It‘s me. I just changed my displayed name to something more appropriate. After all, I think the biggest reason I got in trouble was because I put my name down. That was really dumb, and I know it. Guess that‘s youthful stupidity and idealism at work.
Anywho, I didn‘t mean I was blacklisted from CFSCE as an official thing. Just the way things ended up my last couple of days there, it was quite clear to me that CFSCE didn‘t want me back. That‘s all good, though, considering I don‘t ever want to return to CFSCE either. I really didn‘t want to come back this year after the gong show last year, which I attribute much of my bitterness too.
I wanted to see Kingston, but definitely not CFSCE.
GK, with many things you hit the nail right on the head in your description of me and what I think.

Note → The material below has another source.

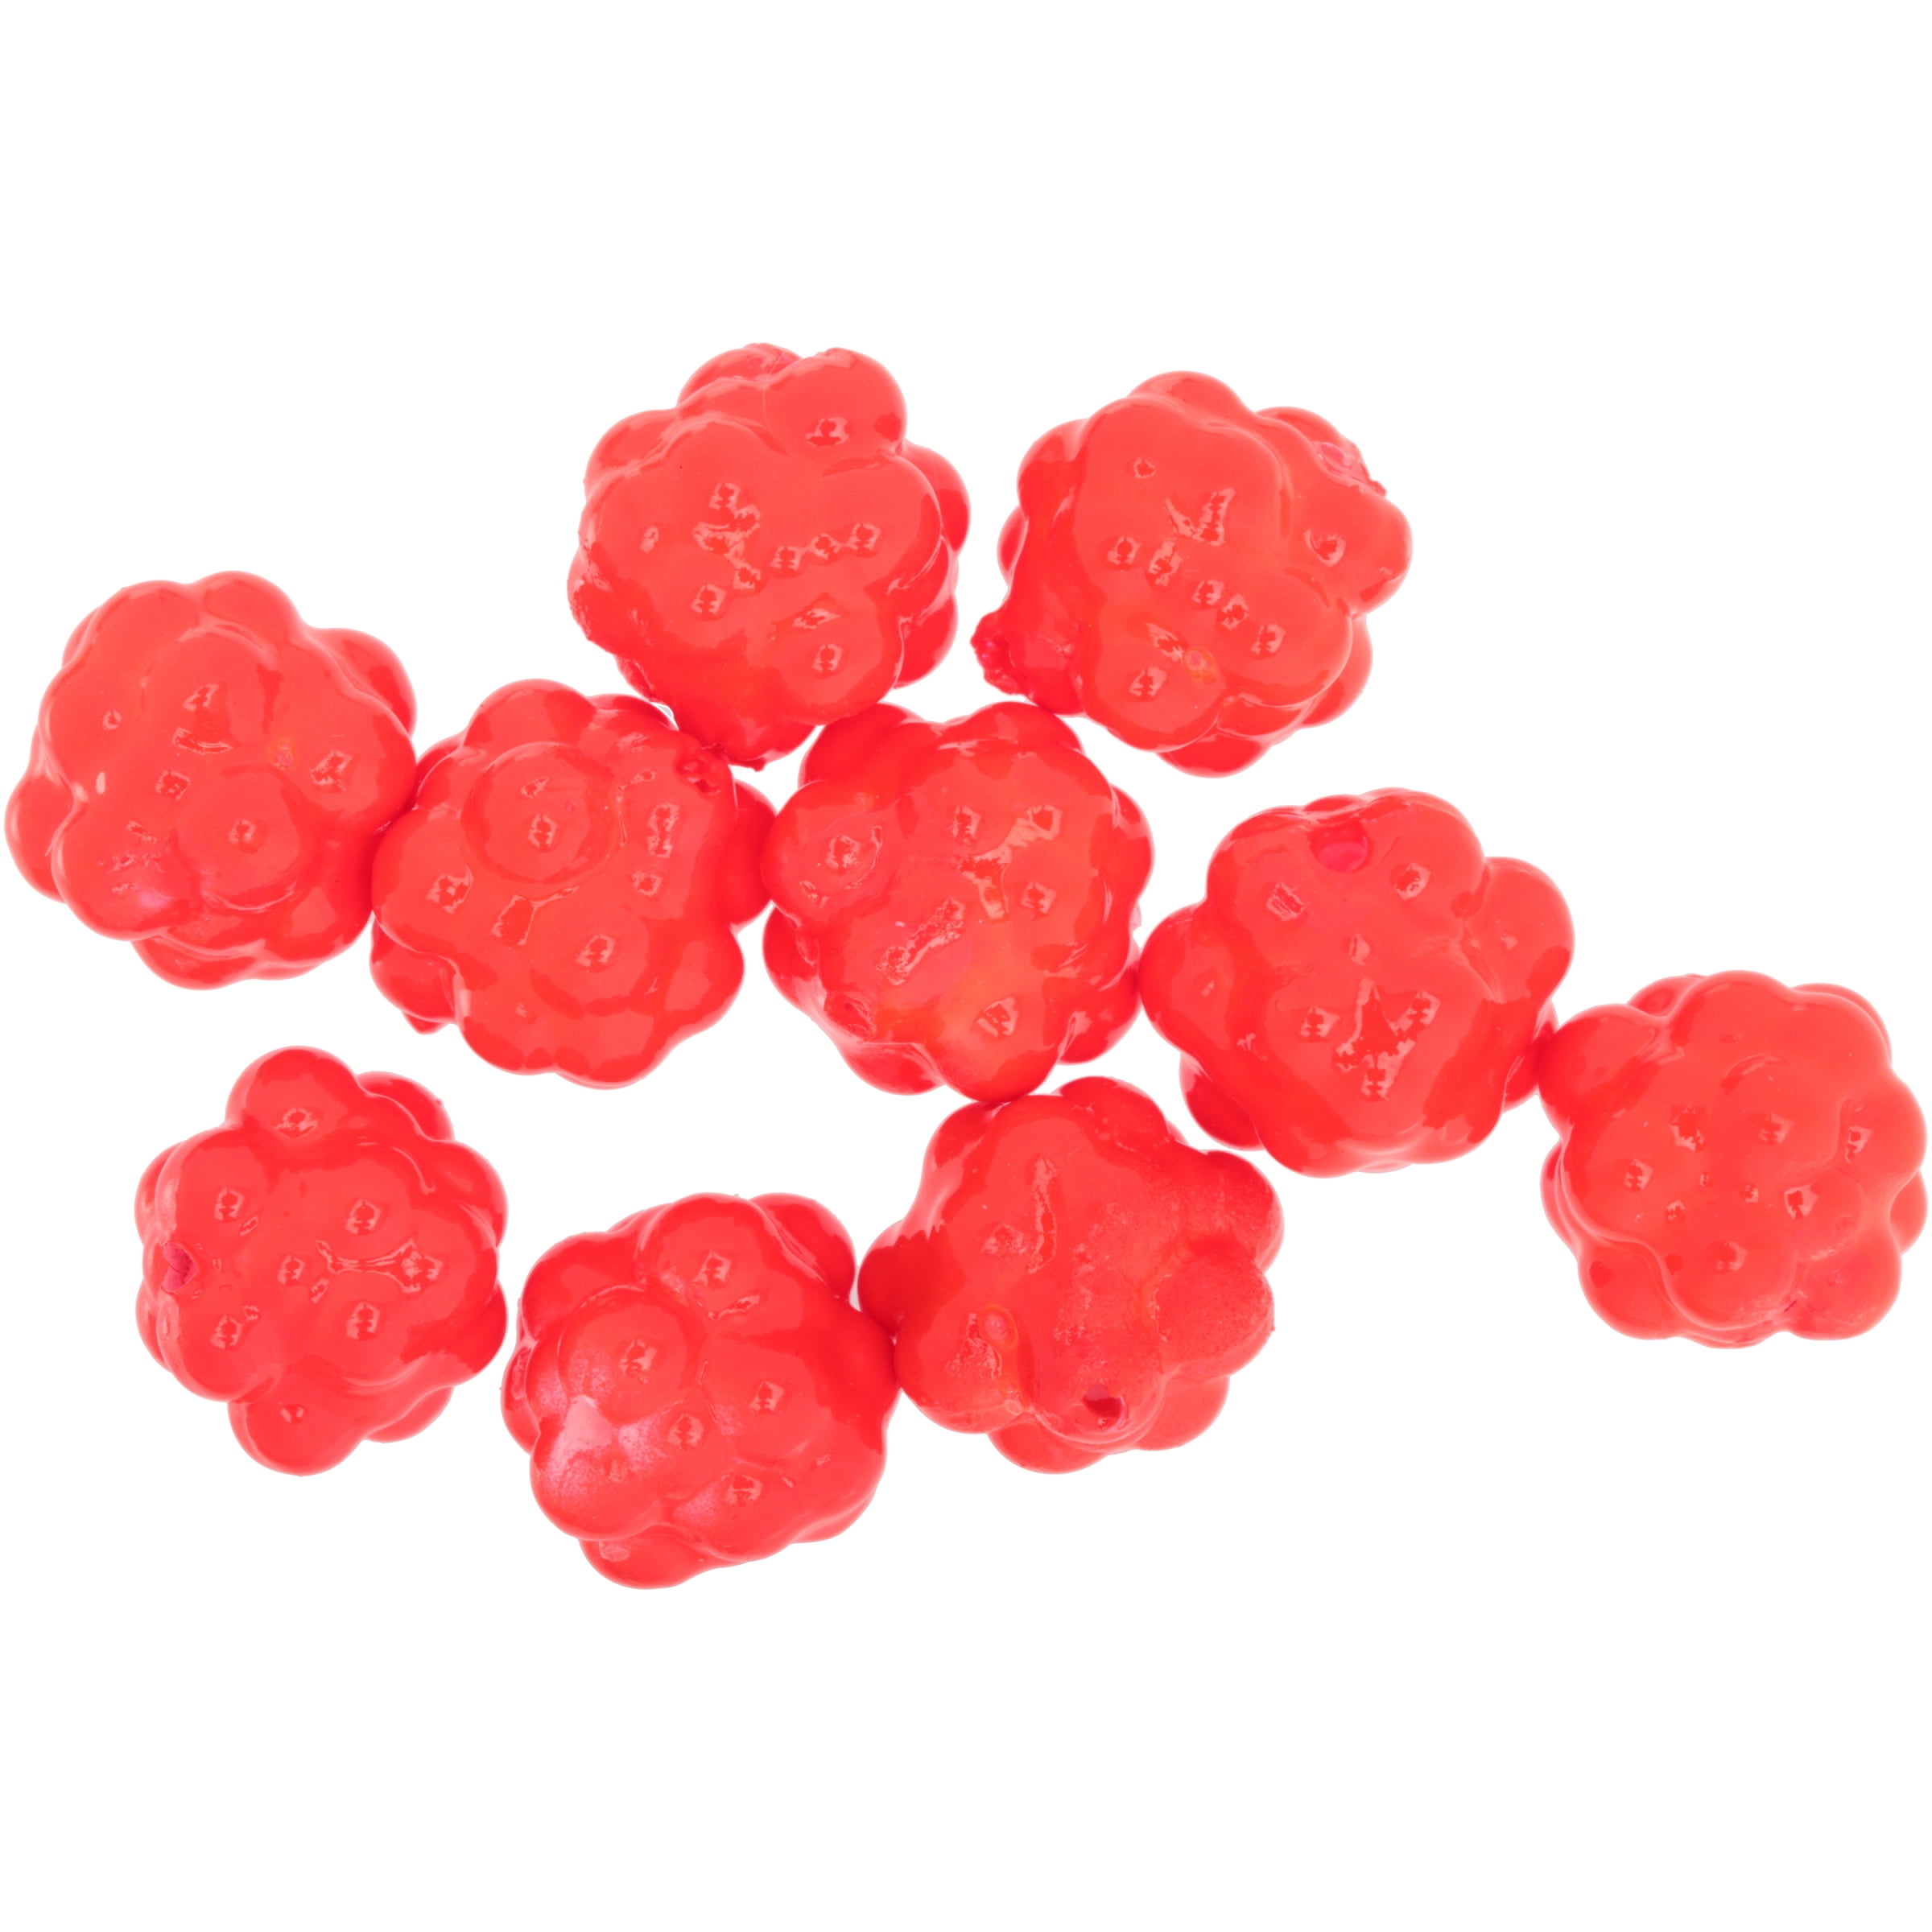 Worden's Lil' Corky Clusters Size 7 Rocket Red Fishing Bait 10 Ct. Carded Pack

You, more eloquently, expressed what I failed to.
Right now, though, I just want to say screw it and let it be. I guess that‘s somewhat hard, considering how I opened up pandora‘s box. So I‘ll just try not to aggrevate the situation by saying anything too stupid about CFSCE or the CF.
I thought it funny how most veteran instructors here said they could weed me out on course for being the soldier I am. While I know my course members could tell very easily, I know the instructors never could. That is, until the end. It came as a real shock to my instructors that I would do what I did. I regret having grieved them, since they rank up there as some of the best instructors I‘ve had on a military course and I respected each of them. But it‘s a fact, no instructor can inspect thier troops minds, thoughts and opinions if they don‘t let them.
I made a showing as a soldier who was on time, worked hard and smart, and shut up on the job. Maybe I‘m wrong, but I‘ve never met any instructor or supervisor who ever asked for more; and if they did, everyone knew that they were the ones being unprofessional. My staff never did, which is why I respected them all.
That‘s the only thing I think I have left to say on the matter, my instructors rocked.